== PROVIDED DATA ==
▼▼▼
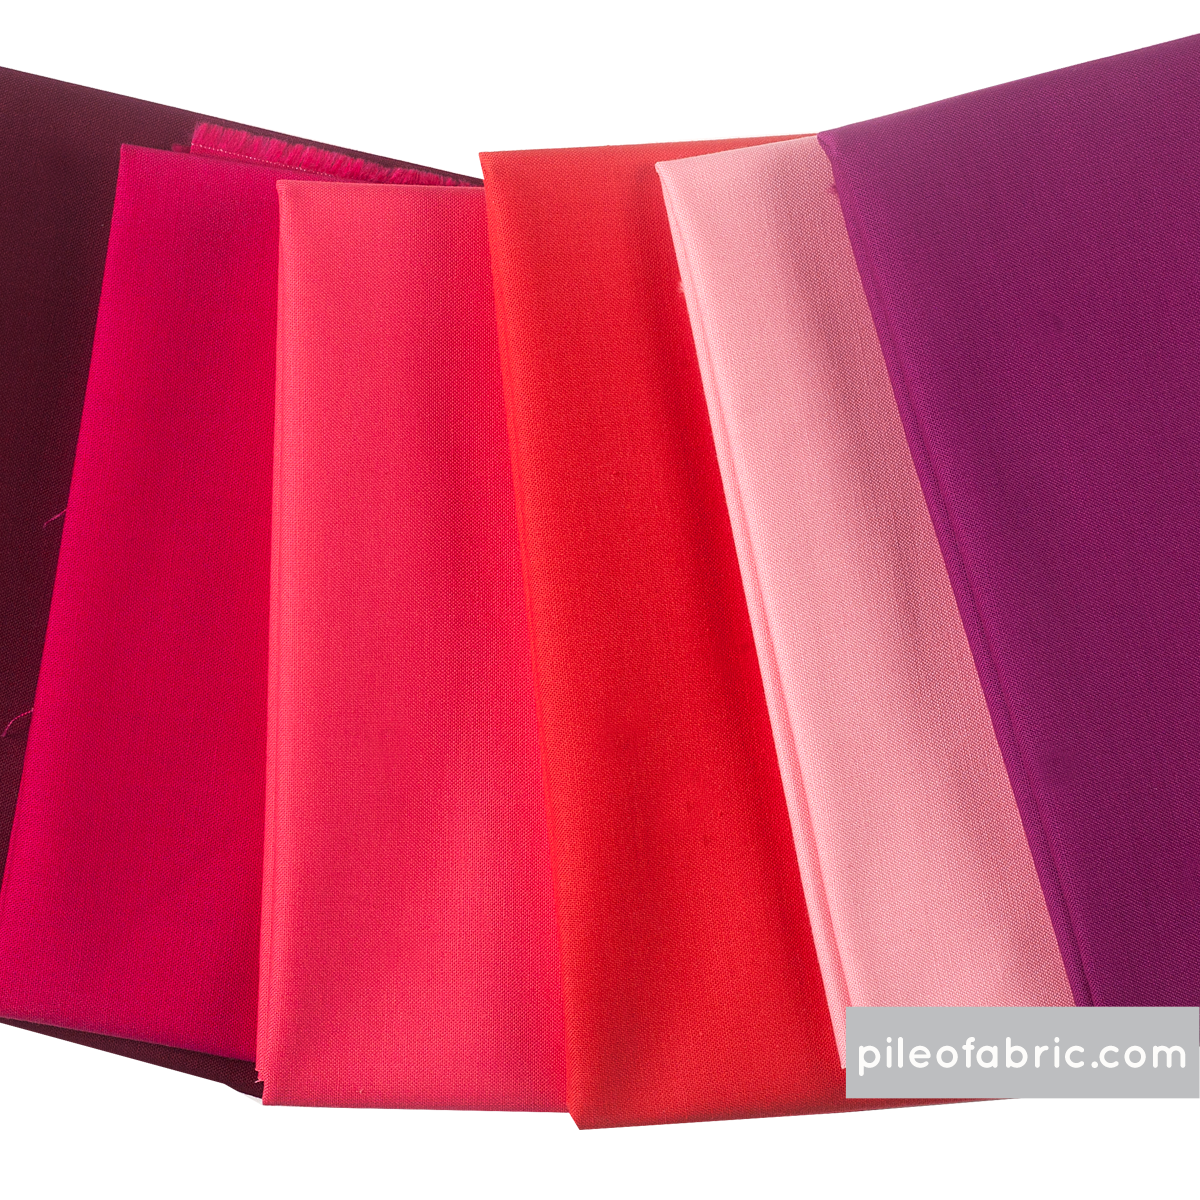 Berrylicious Bundle in Solids
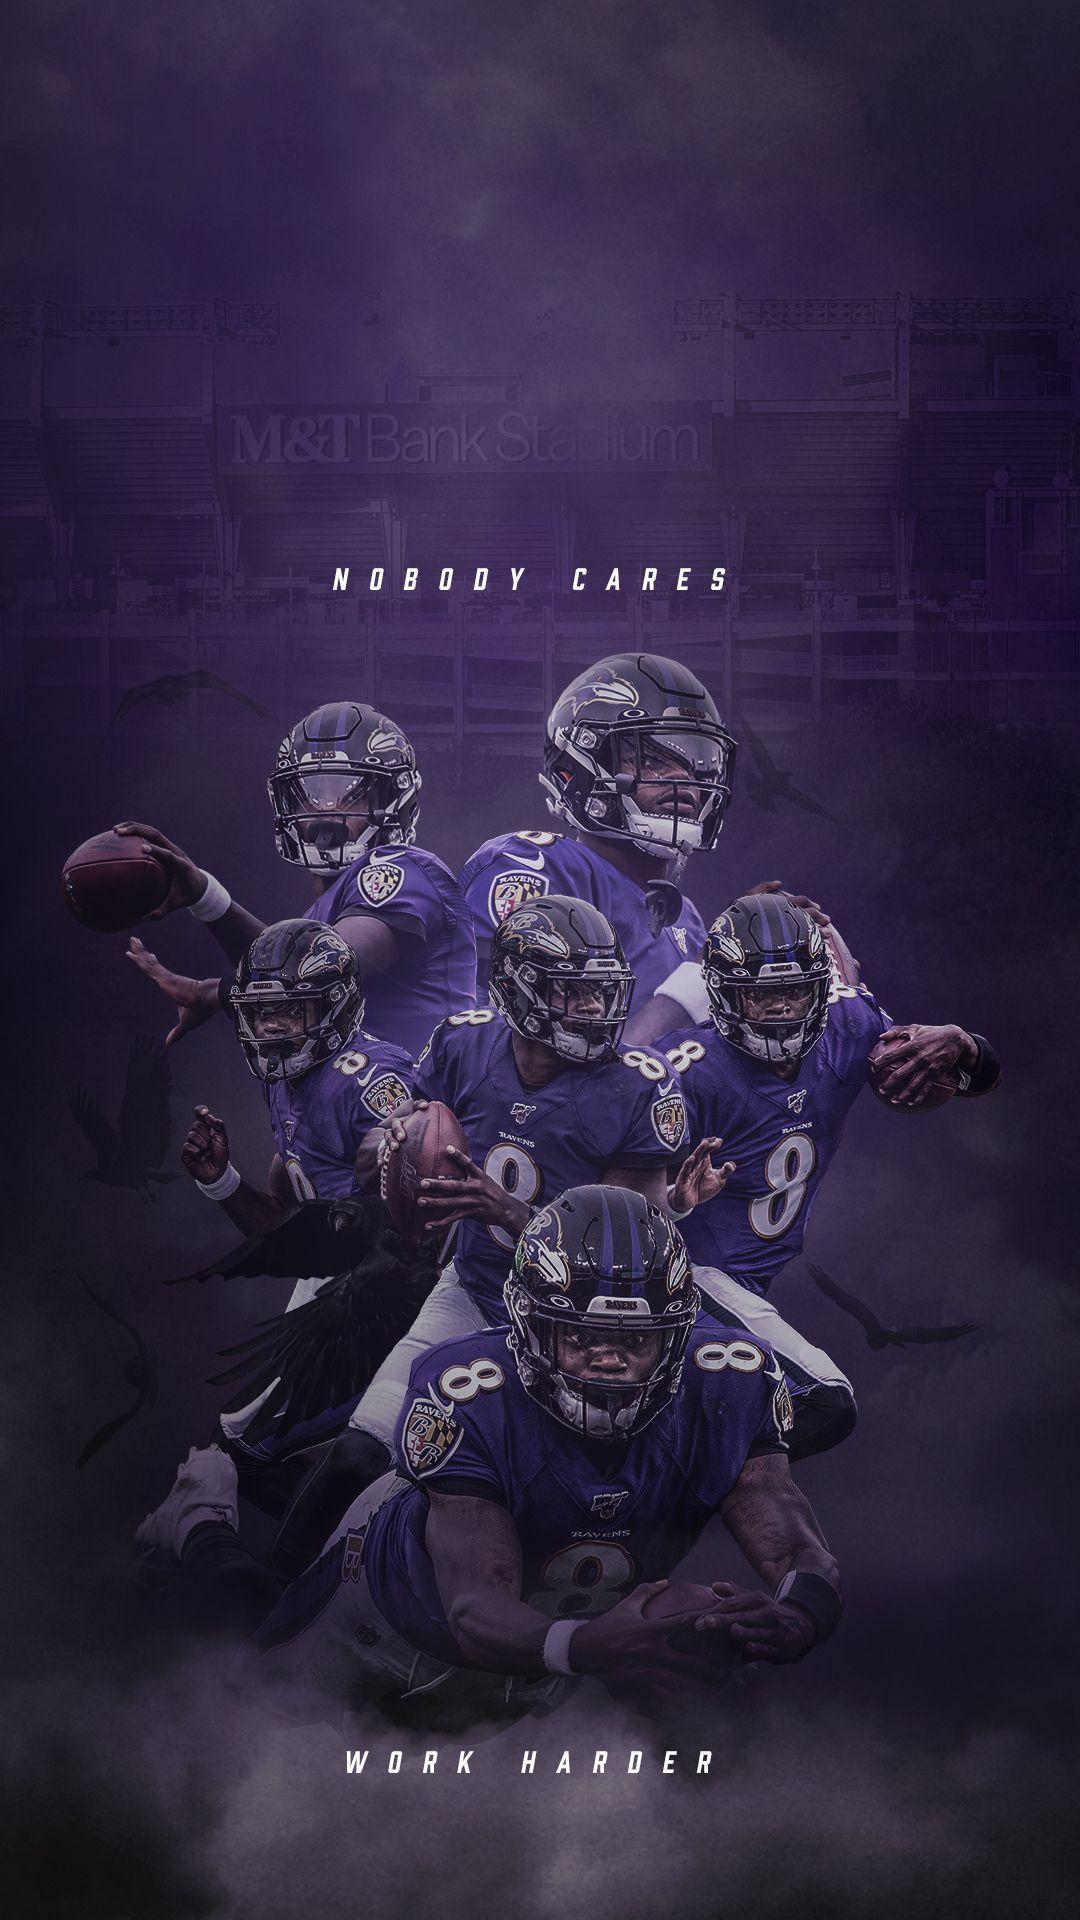 Cool Lamar Jackson Wallpaper Download In 2020 Lamar Jackson Wallpaper Lamar Jackson Ravens Football
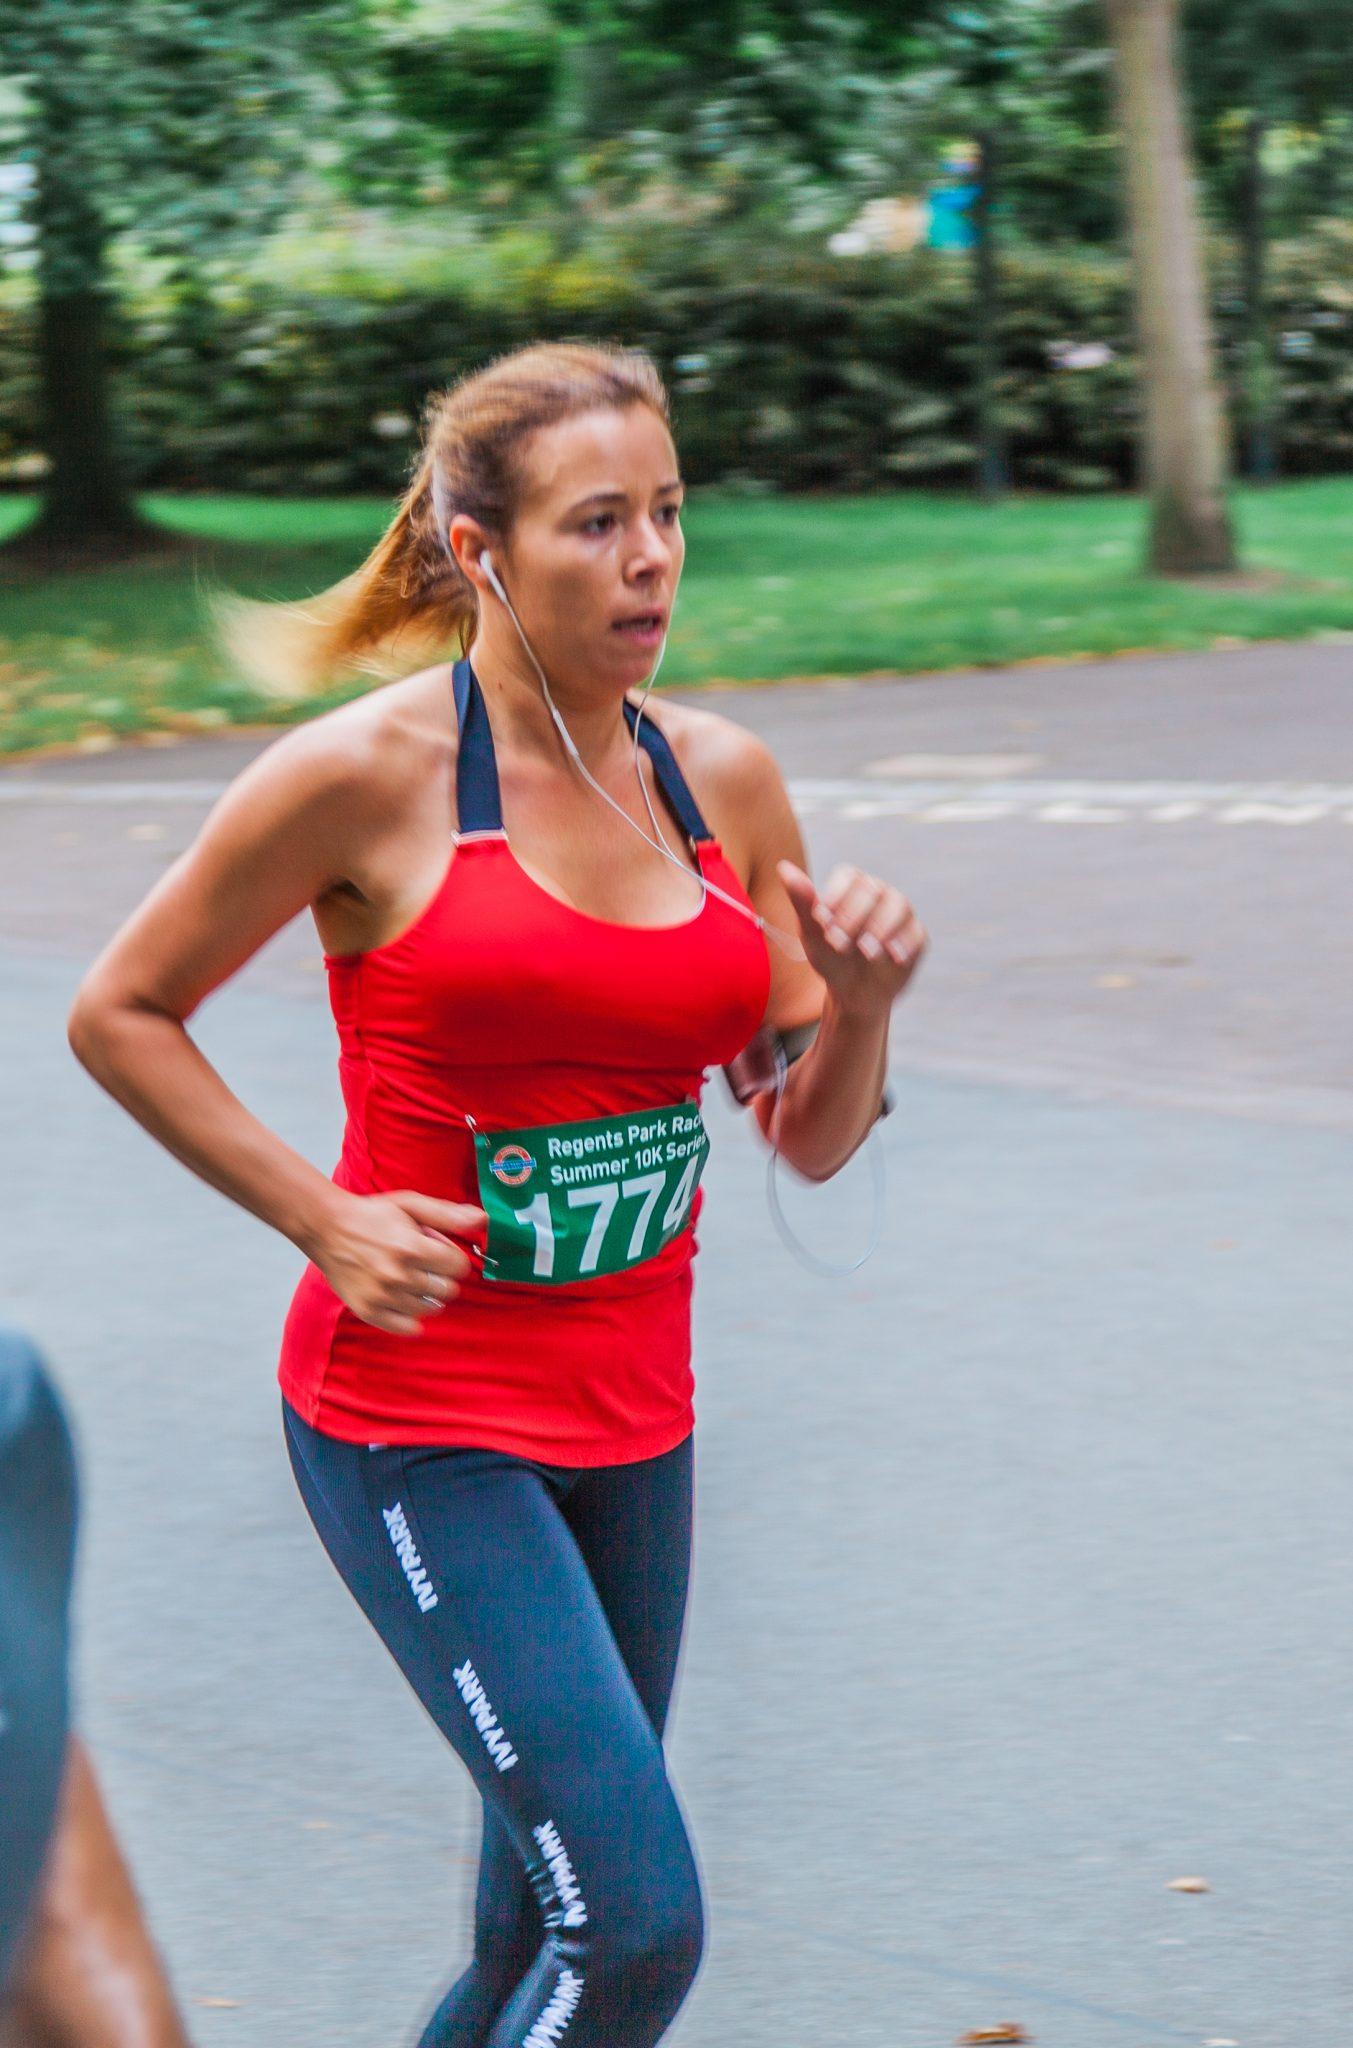 131 Regents Park Races 03.09.17
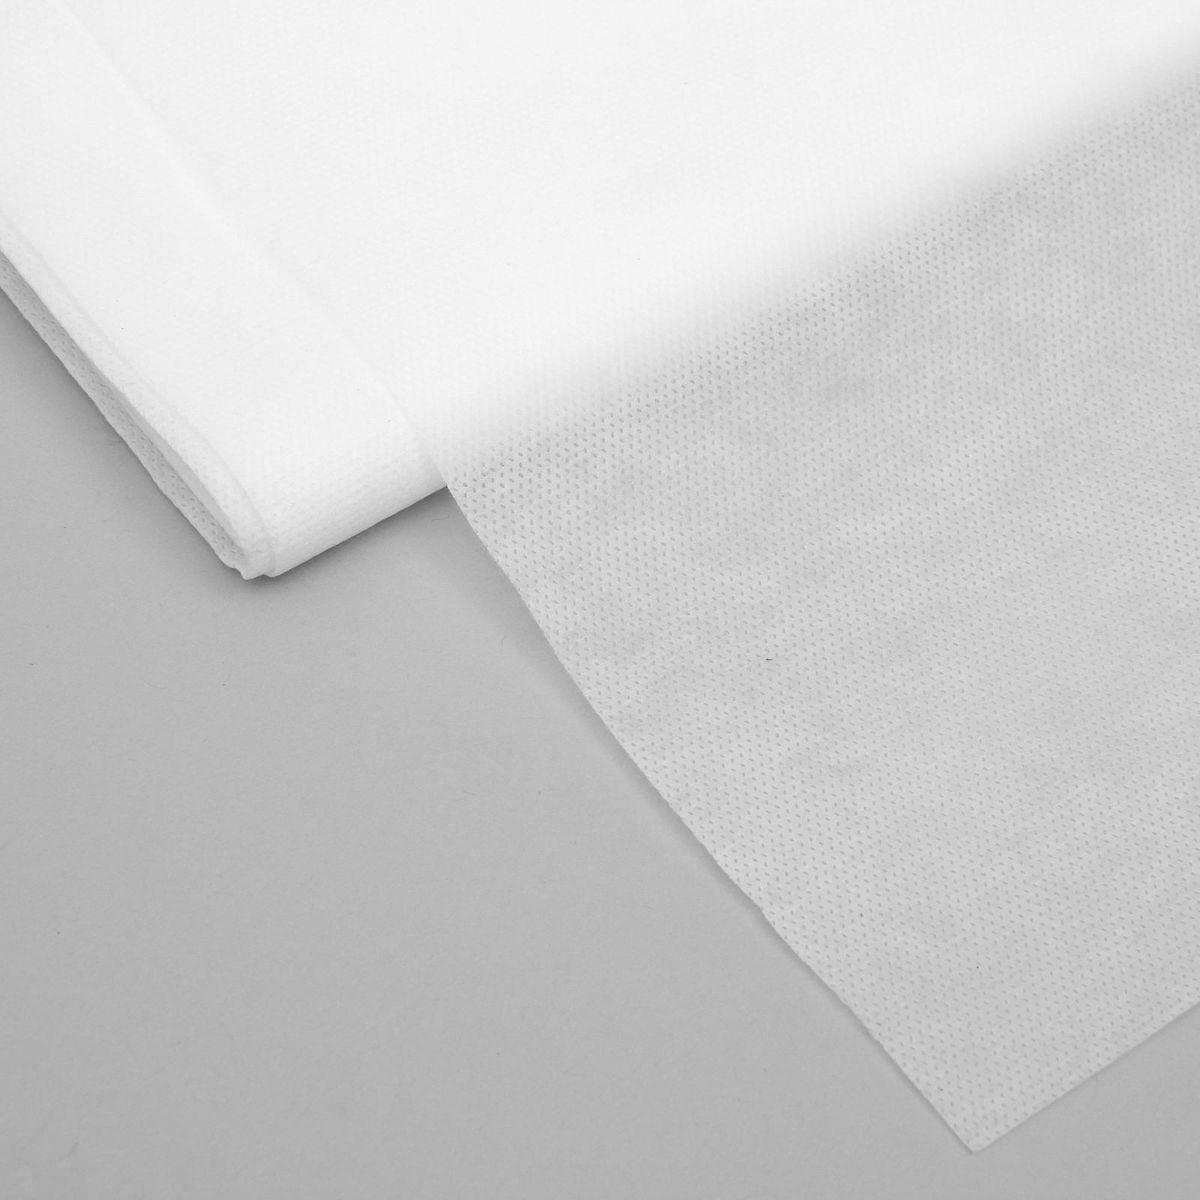 Материал укрывной, цвет: белый, 10 х 3,2 м. 23338782333878Материал укрывной предназначен для укрытия сельскохозяйственных культур на грядках с дугами или без. При этом побеги не повреждаются по мере развития: они приподнимают материал и растут свободно. Полотно не образует конденсата, пропускает до 90 % света и поддерживает оптимальный воздухо- и водообмен.Защищает от: -заморозков; -перегрева; -ультрафиолетовых лучей; -насекомых, вредителей; -сильного ветра; -осадков.Плотность: 42 г/м2.
▲▲▲
== PROBLEM DESCRIPTION ==
Output the data above exactly; pictures do not belong in the copy.

== EXERCISE ANSWER ==
 Berrylicious Bundle in Solids
 Cool Lamar Jackson Wallpaper Download In 2020 Lamar Jackson Wallpaper Lamar Jackson Ravens Football
 131 Regents Park Races 03.09.17
 Материал укрывной, цвет: белый, 10 х 3,2 м. 23338782333878Материал укрывной предназначен для укрытия сельскохозяйственных культур на грядках с дугами или без. При этом побеги не повреждаются по мере развития: они приподнимают материал и растут свободно. Полотно не образует конденсата, пропускает до 90 % света и поддерживает оптимальный воздухо- и водообмен.Защищает от: -заморозков; -перегрева; -ультрафиолетовых лучей; -насекомых, вредителей; -сильного ветра; -осадков.Плотность: 42 г/м2.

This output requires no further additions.